И так далее и тому подобное. Я отложил папку и поднял голову.
– Они так ничего и не раскрыли, – сказала Кэролайн.
– Кажется, я что-то припоминаю.
– И никого не арестовали, в общем – ничего!
– Но я думаю, они все-таки здорово старались.
Если вспомнить множество разных домыслов, появлявшихся в средствах массовой информации, то, значит, официальные инстанции уделили смерти Краули должное внимание. Смерть знаменитости в американской культуре – это товар, стоящий кучу денег, пока она жива в памяти нации.
Кэролайн принесла мне еще одну порцию спиртного, и я взял ее, хотя совершенно не хотел. Теперь мы, я полагал, достигли той стадии, которой она стремилась достичь.
– Итак, это и есть то, что вы хотели мне показать? – поинтересовался я.
– Как ни странно, нет.
– Нет?
Она покачала головой.
– Не понимаю.
– Это то, что мне нужно было показать вам в первую очередь, прежде чем я покажу то, что мне хочется вам показать.
– Надо понимать, вы меня надули?
Она улыбнулась:
– Нет, не совсем. В конце концов это все обретет смысл.
– Я могу взглянуть на то, что вам действительно хотелось показать мне?
– Я хочу, чтобы вы увидели эту вещь, но не сегодня вечером. Может быть, утром или завтра?

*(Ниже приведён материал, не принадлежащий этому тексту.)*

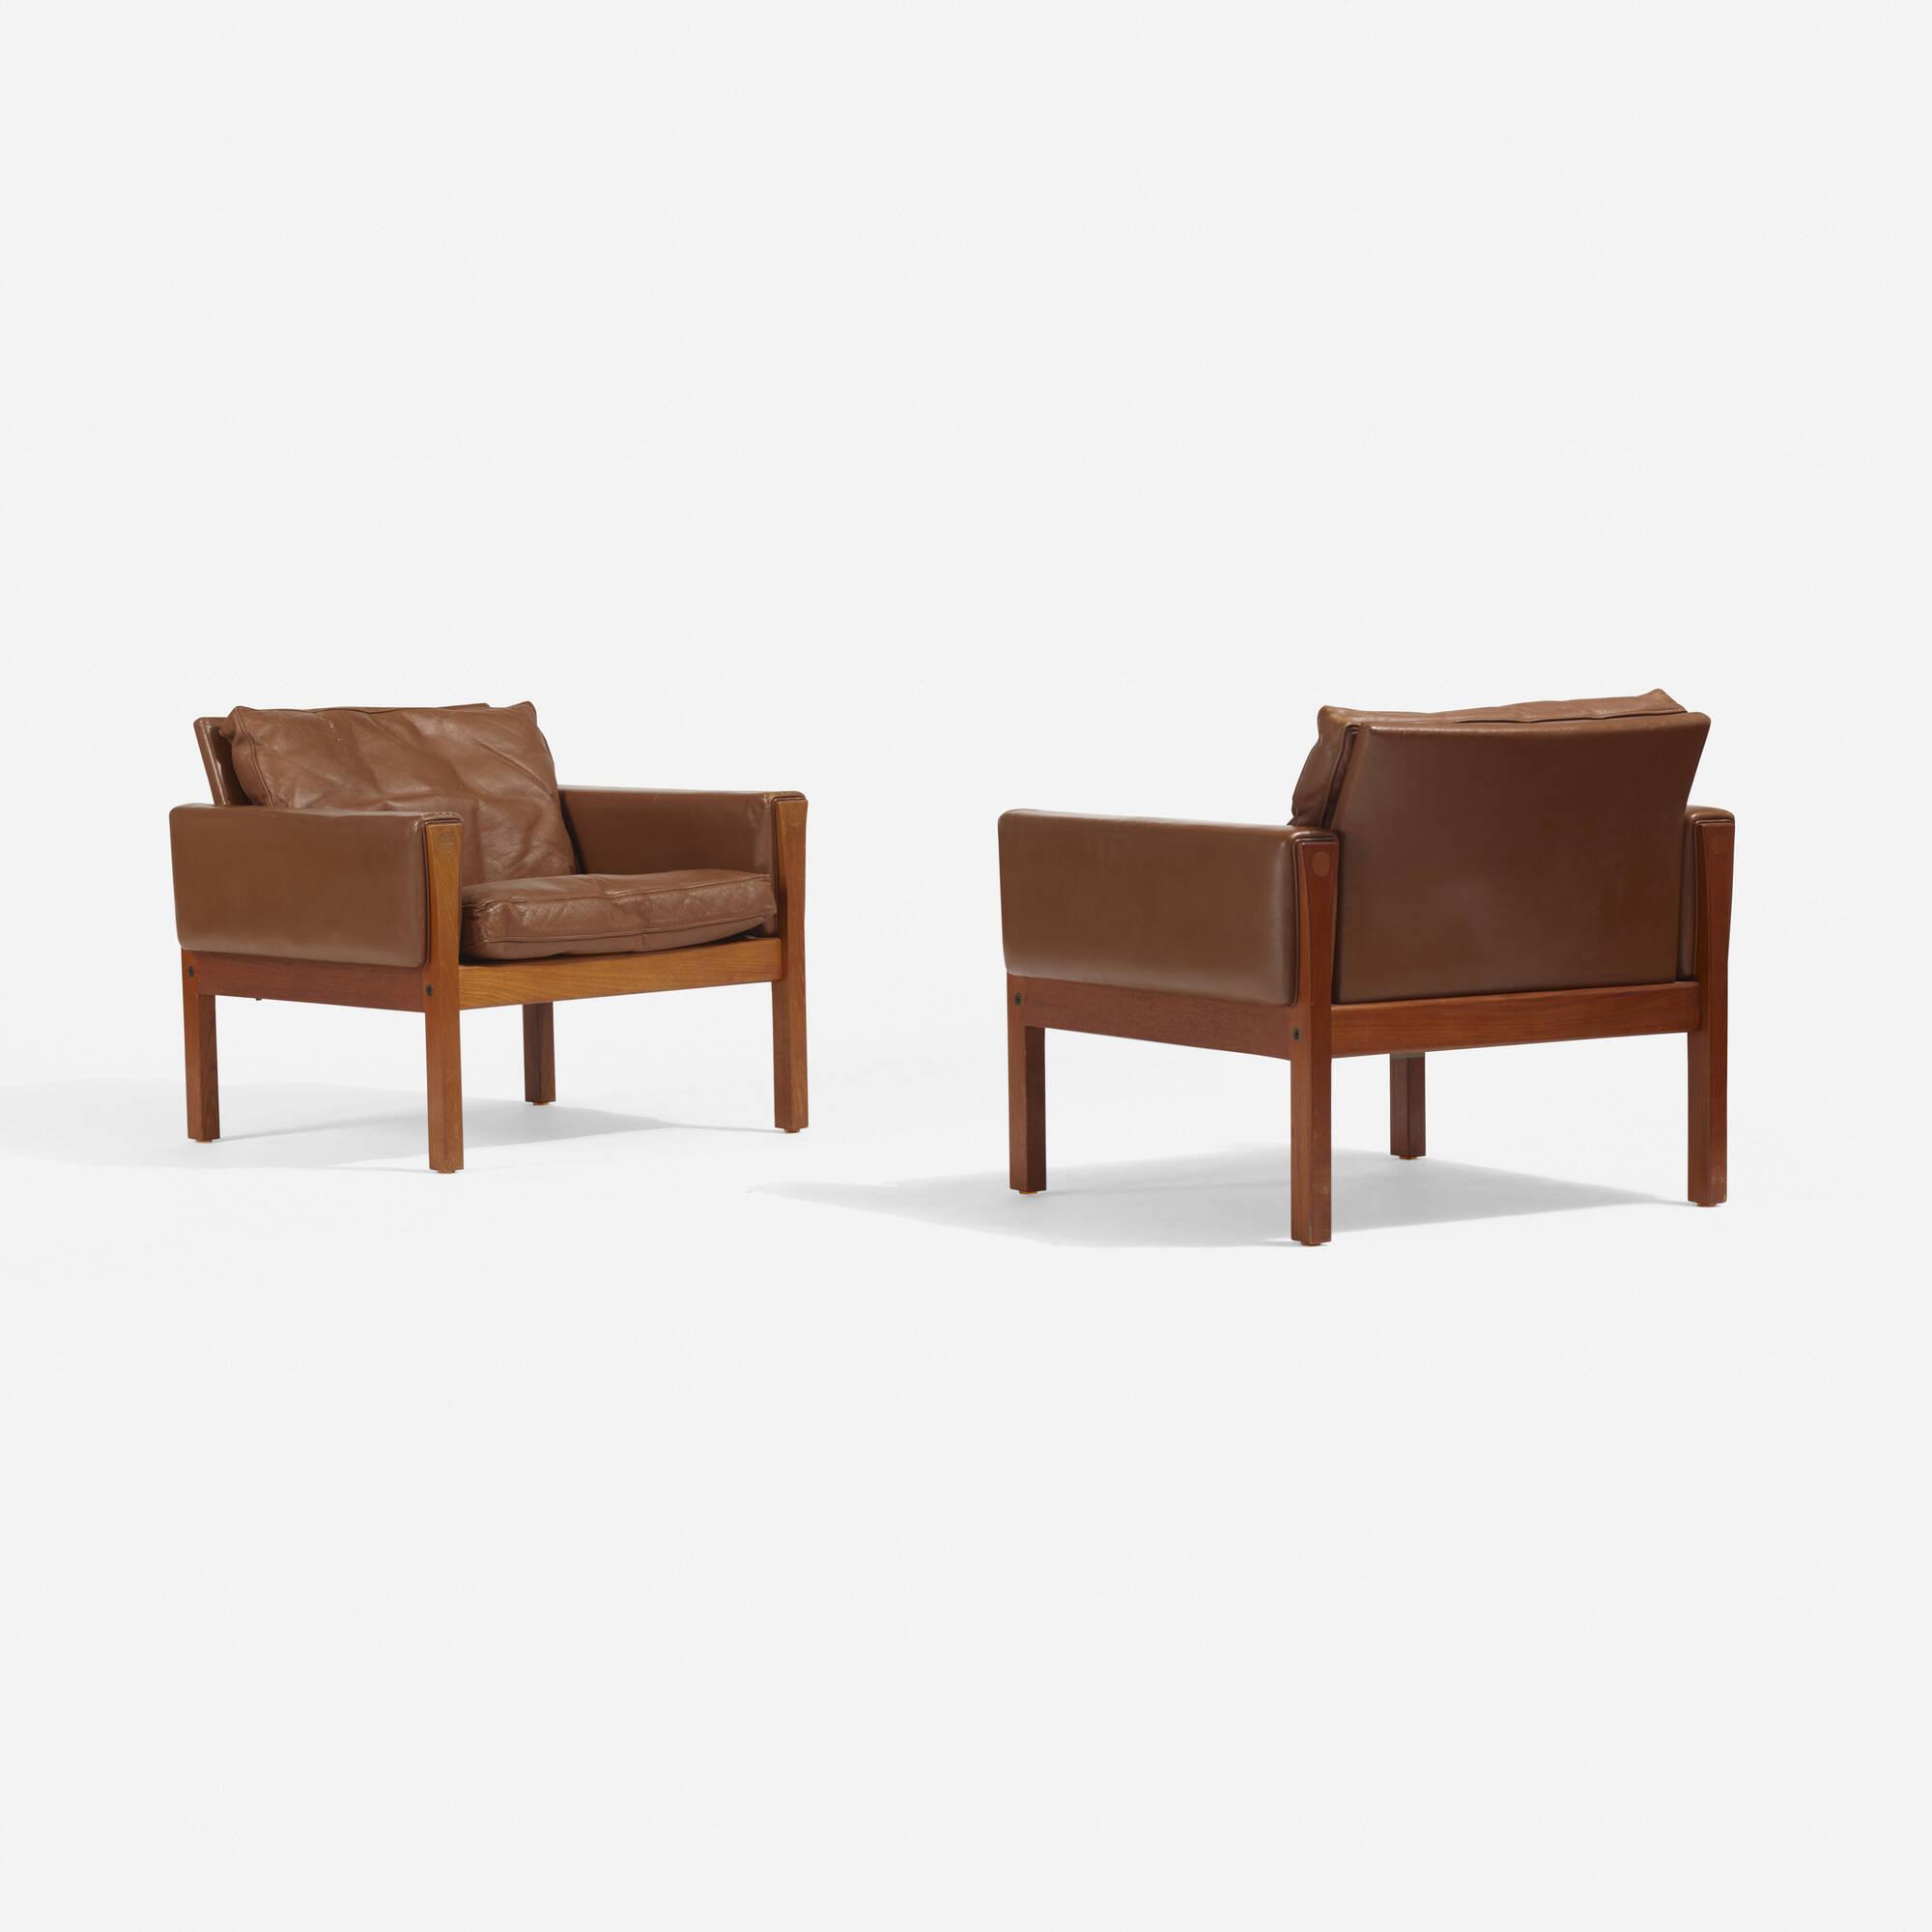 204: Hans J. Wegner / Lounge Chairs Model AP62, Pair (2 Of 3) ...

Это прозвучало эгоистически: можно подумать, у меня не было ни работы, ни семьи, или, по ее мнению, она настолько хороша, что я должен забросить свои служебные и семейные обязанности ради изучения жизни ее покойного мужа, хотя, не исключено, что пока она была рядом, я, пожалуй, готов был поступить именно так.
– Чего вы хотите? – спросил я. – Хотите, чтоб я написал статью о вашем покойном муже? О нем уже и так все написано.
Кэролайн вздохнула:
– Нет.
– Тогда что? Полиция очевидно не может раскрыть это дело.
– Да, – тихо ответила она. – Я все это знаю, Портер.
Казалось, ее охватила тоска, и я вдруг сообразил, что даже не поинтересовался, как она пережила все это: убийство мужа, жестокий удар по своей прежней жизни.
– Как долго вы были знакомы с ним? – От выпивки мой голос звучал хрипло и как-то механически.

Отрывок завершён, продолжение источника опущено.